### ACTIVITY
Copy the data that appears below exactly. Drop the pictures.

### DATA SECTION
+ + + + +
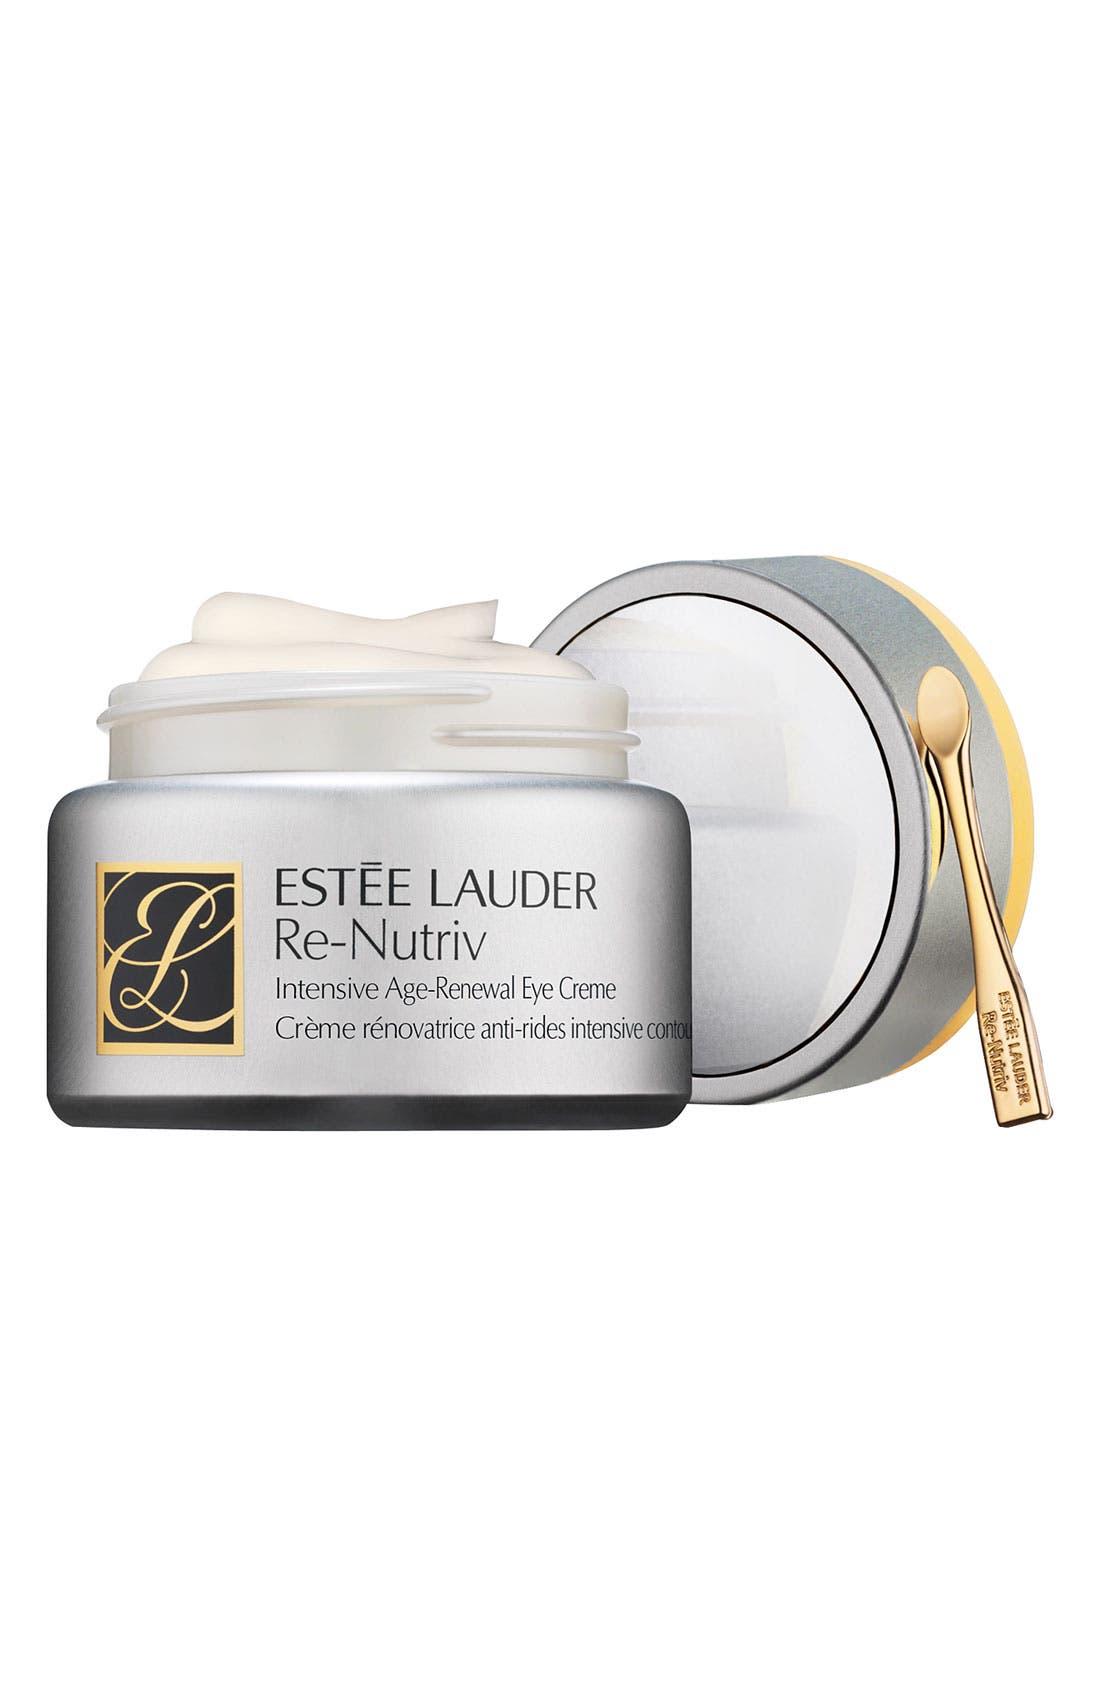 Estée Lauder Re-Nutriv Intensive Age Renewal Eye Crème
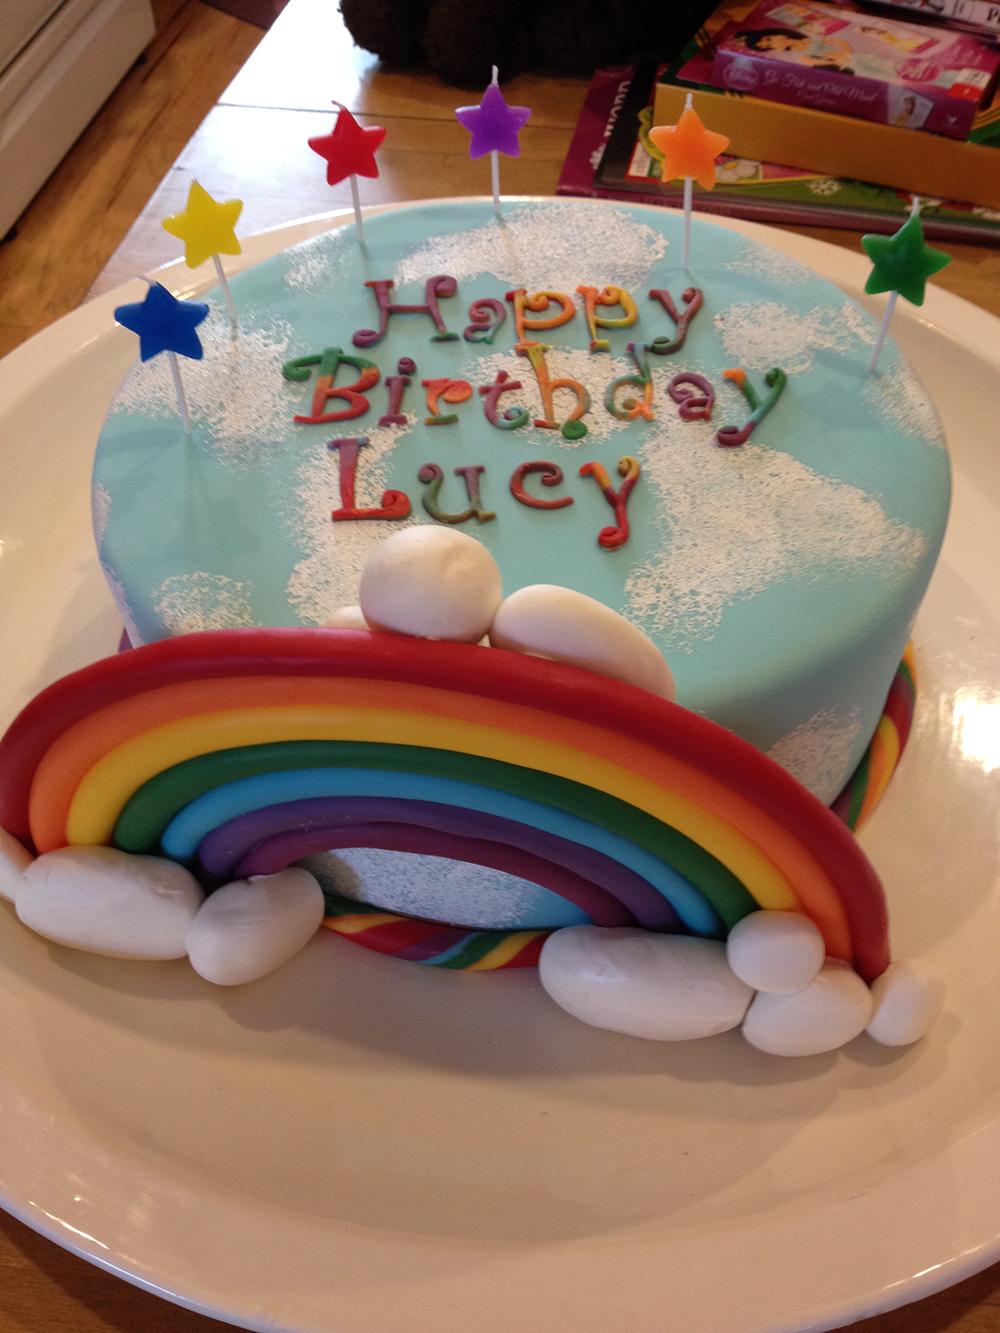 lucy cake.JPG
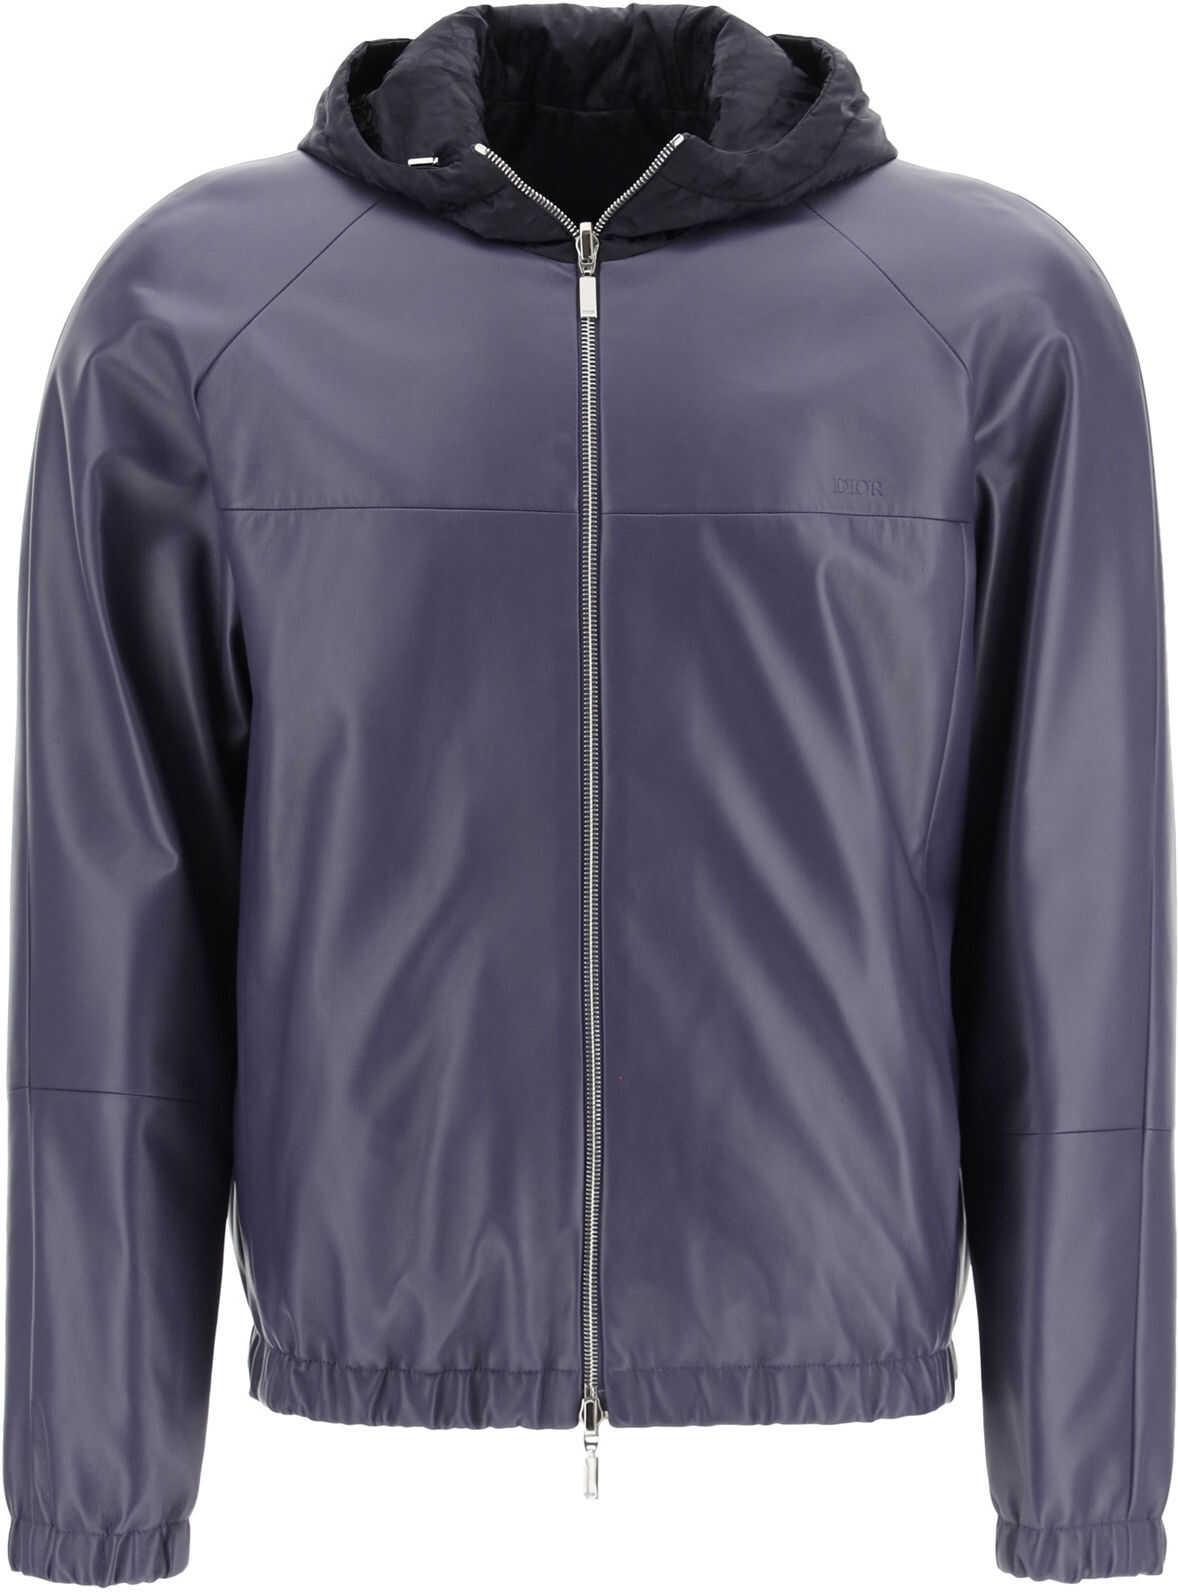 Dior Oblique Reversible Leather Jacket PINK PURPLE imagine
+ + + + +
### ANSWER TO THE EXERCISE
 Estée Lauder Re-Nutriv Intensive Age Renewal Eye Crème
 lucy cake.JPG
 Dior Oblique Reversible Leather Jacket PINK PURPLE imagine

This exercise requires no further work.